Ever gotten a gift that just sucks? I mean it really stinks! My brother, of all people, gave as a wedding gift a hot dog bun warmer to my wife and I. I really didn't know what to say about this thoughtful gift. Needless to say we're not that close.
On another occasion we received a huge ugly Plaster of Paris horse head as a X-mas present. The Russian couple we received it from stared right at us as we opened the monstrosity and feigned delight at having received it.
I guess the silver lining is neither one of us ever forgot receiving these gifts. They were forever etched in our brains not to end up in the dust bin of forgotten OK gifts one has received over the years.
Now there is help for people who find themselves searching for the right gift to give that hard to buy for friend, boss or family member.
Look no further than the Church of the Holy Shitters to assist with unusual gift ideas that surprise.
Follow below the orange pile for some of our past gift ideas and our latest addition.
Previously recommended:
For the health enthusiast:
If you're friend is not putting crap in their cereal bowl each morning they're simply not eating the best!
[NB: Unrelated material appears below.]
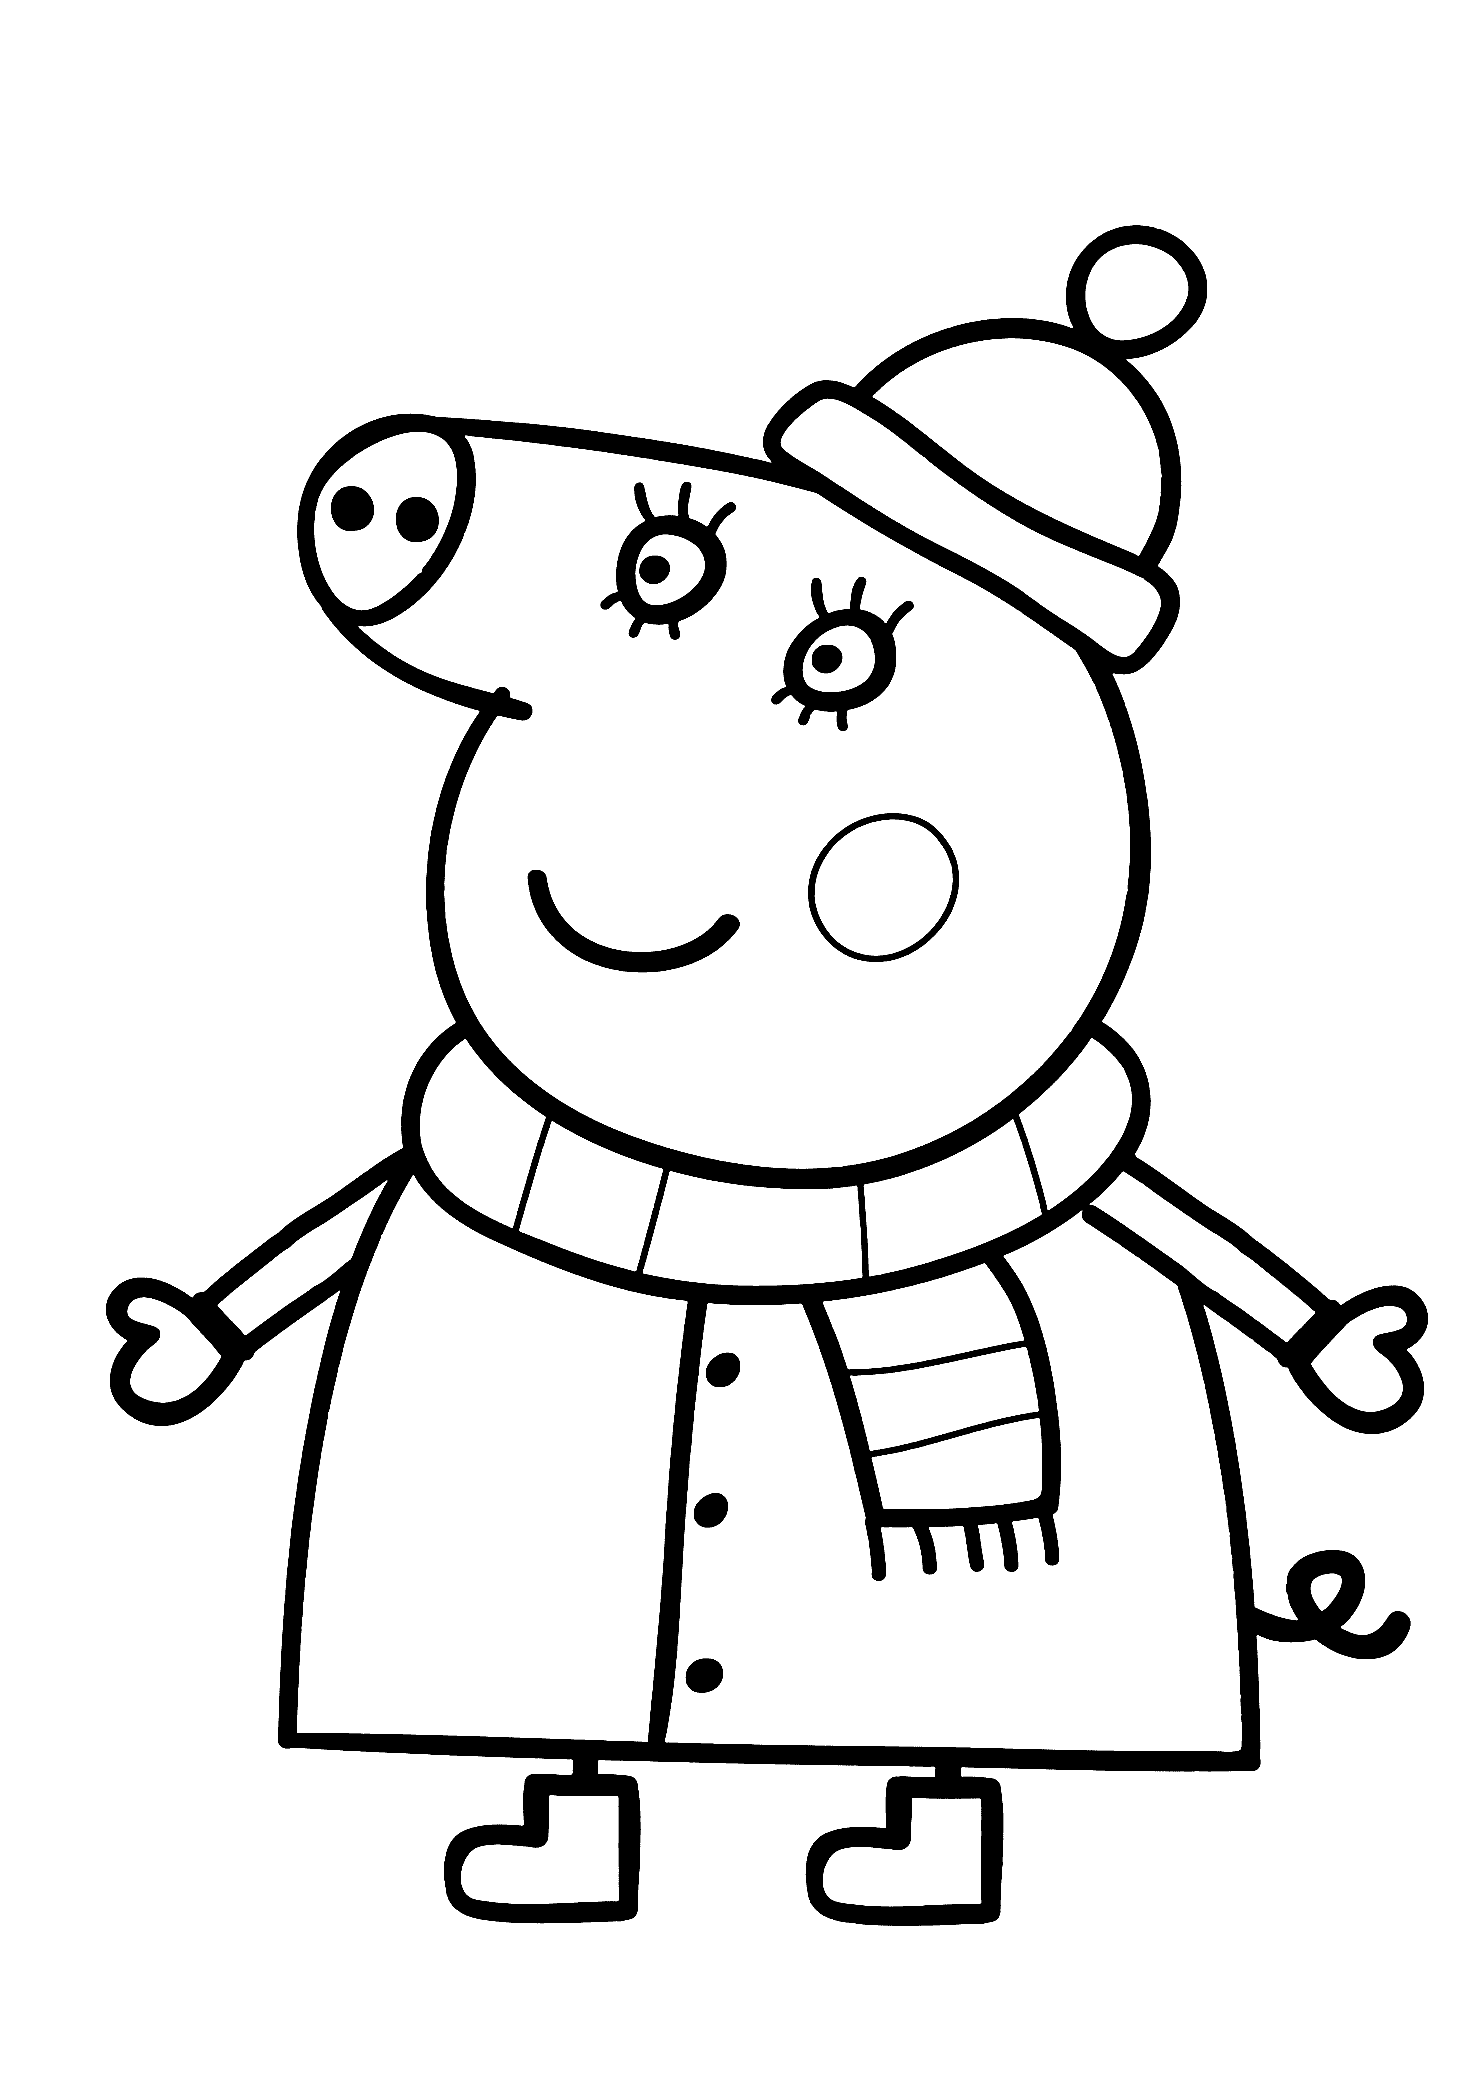 Halloween colouring pages to print at getdrawings com free. Free Peppa Pig Coloring Pages Halloween Download Free Peppa Pig Coloring Pages Halloween Png Images Free Cliparts On Clipart Library

For the bulkier ones in your midst:
Having trouble finding that perfect gift for the larger derrieres on your list. Poop John the First has the solution! American capitalist ingenuity offers you the Adjustable Advantage toilet seat. The seat handles up to 1,000 pounds and has two wings that expand out to either side to accommodate those over-sized posteriors. Plus it comes with a lifetime warranty.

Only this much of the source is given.